With v0.9.0 shipped, Simplex continues toward its 1.0 production release. Here's what's coming next:

0.10

GPU Acceleration

Q1 2026

Hardware acceleration for tensor operations and SLM inference on GPU.

  • simplex-training-gpu package with CUDA and Metal backends
  • Automatic GPU memory management with gradient checkpointing
  • Mixed-precision training (FP16/BF16) for 2x training speedup
  • Multi-GPU support with data and model parallelism
  • NPU targeting for edge devices with neural accelerators
0.11

Distributed Hive Clustering

Q2 2026

True distributed computing across network nodes with fault tolerance.

  • MPI/NCCL integration for high-bandwidth federated learning
  • Cross-node hive coordination with Raft consensus
  • Network-aware gradient compression (up to 100x reduction)
  • Fault-tolerant distributed checkpointing with automatic recovery
  • Geographic-aware routing for latency optimization
0.12

Advanced Tooling

Q2 2026

Developer experience improvements and debugging tools.

  • VS Code and IntelliJ IDE plugins with syntax highlighting and completion
  • Interactive debugger with step-through neural gate visualization
  • Performance profiler with gradient flow analysis
  • REPL with hot-reload support for rapid prototyping
  • Language server protocol (LSP) implementation
1.0

Production Release

Q3 2026

Stable release with comprehensive documentation, enterprise features, and ecosystem maturity.

  • API stability guarantees with semantic versioning
  • Complete documentation, tutorials, and architecture guides
  • Production deployment guides for cloud and edge
  • Performance benchmarks and optimization guides
  • Enterprise support options and consulting services
  • Certified model zoo with pre-trained specialists

Feature Integration

Each release builds on previous foundations. Here's how the v0.6.0 through v0.9.0 features connect to create a complete AI-native programming platform:

Feature Foundation Enables
Neural IR (v0.6.0) Differentiable computation graphs Learnable control flow, neural gates
Real-Time Learning (v0.7.0) Neural IR gradients Online adaptation, federated learning
Dual Numbers (v0.8.0) Forward-mode AD Efficient streaming gradients
Edge Hive (v0.9.0) Dual numbers + learning On-device AI with privacy
Self-Learning (v0.9.0) Dual numbers + meta-optimization Auto-tuning hyperparameters

Backward Compatibility

Existing Simplex programs remain fully compatible. Neural IR extends rather than replaces the language. The neural_gate keyword is optional - traditional if-else continues to work as before.

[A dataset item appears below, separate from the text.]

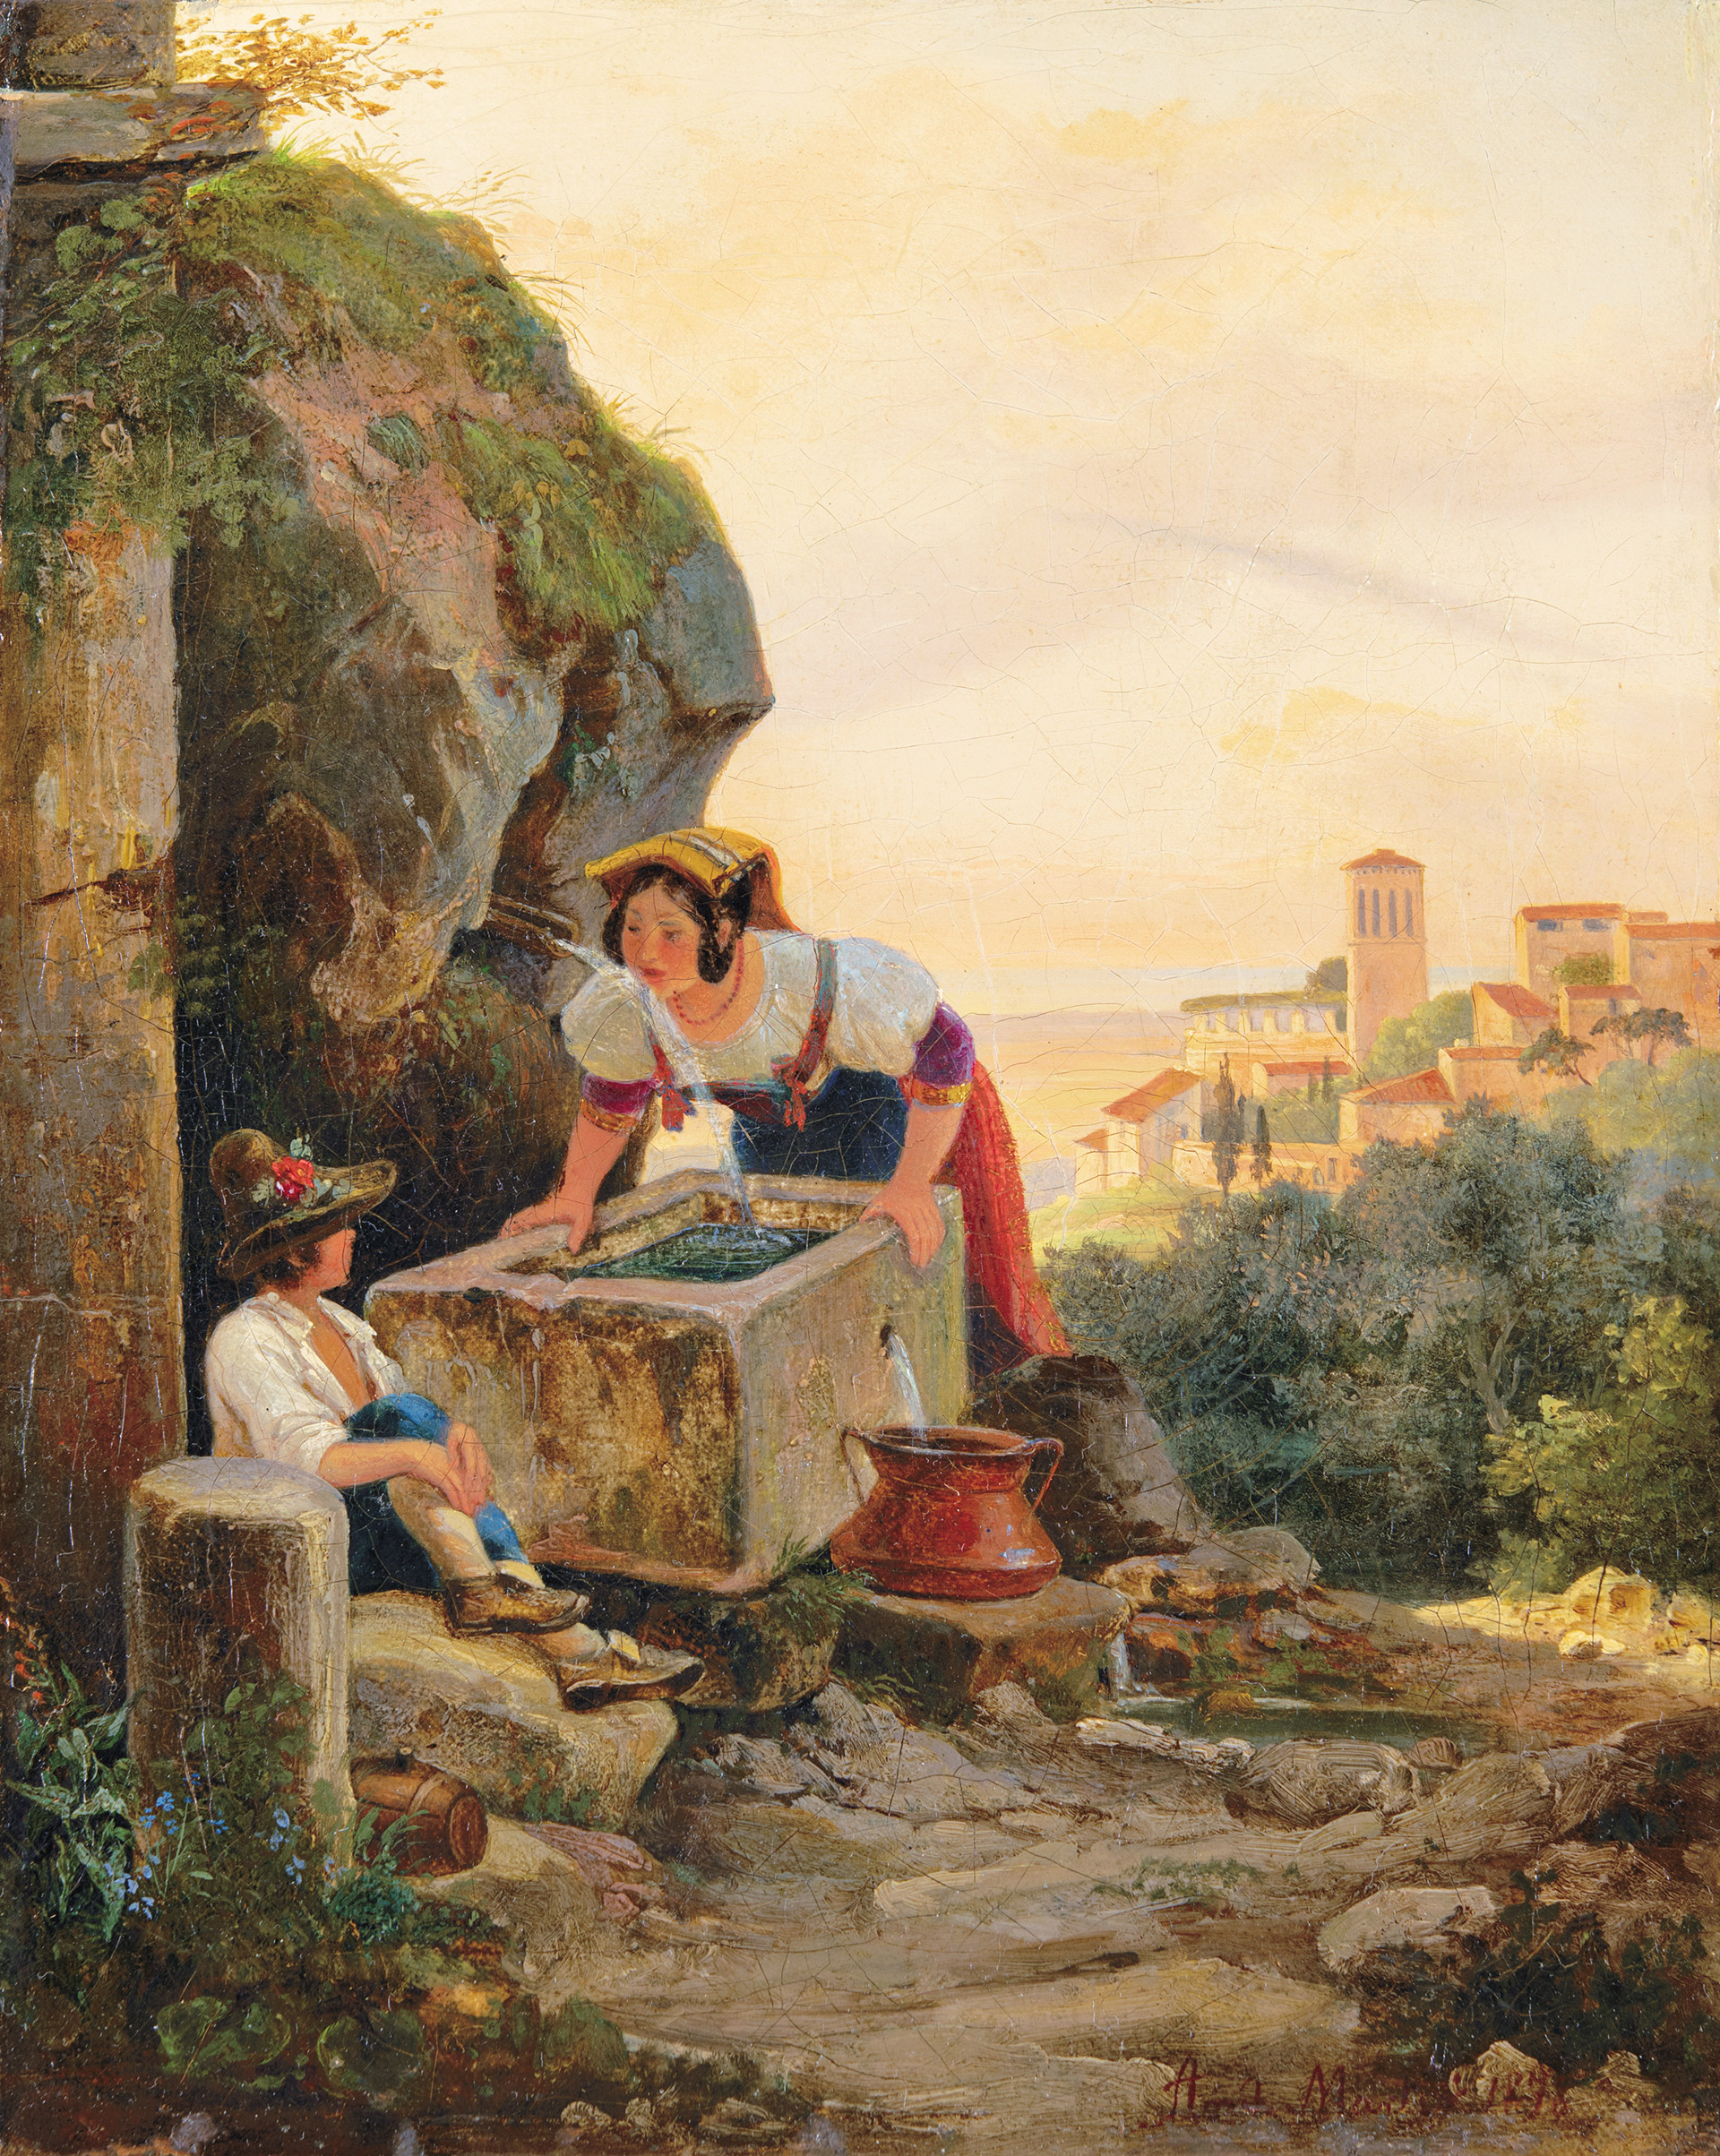 Markó András (1824-1895) The Water Carriers, 1878
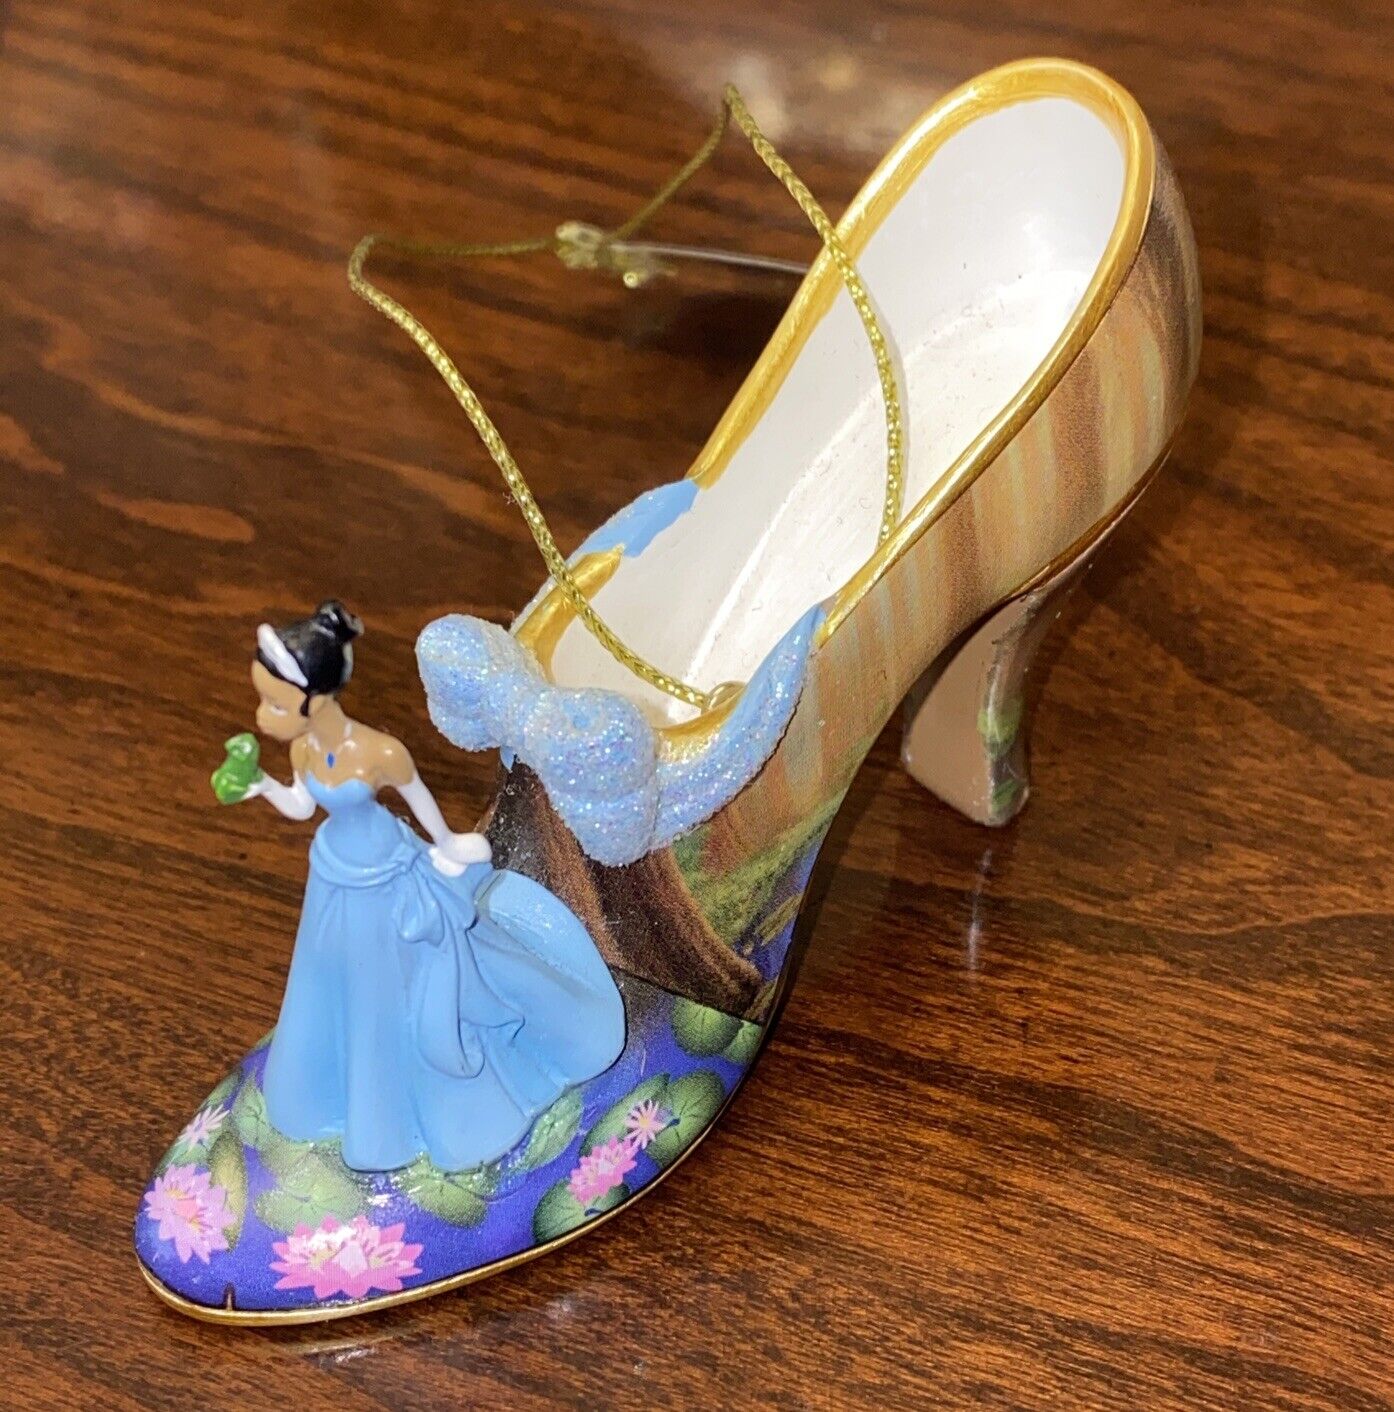 Bradford Exchange Disneys Once Upon a Slipper Ornament- Tiana A Kiss to Dream On

Adopt learnable gates only where beneficial.

References

  • NIR - Neuromorphic Intermediate Representation (Nature Communications, 2024)
  • Gumbel-Softmax - Jang et al., "Categorical Reparameterization with Gumbel-Softmax" (ICLR 2017)
  • Straight-Through Estimator - Bengio et al., "Estimating or Propagating Gradients Through Stochastic Neurons" (2013)
  • Differentiable Programming - Innes et al., "A Differentiable Programming System" (2019)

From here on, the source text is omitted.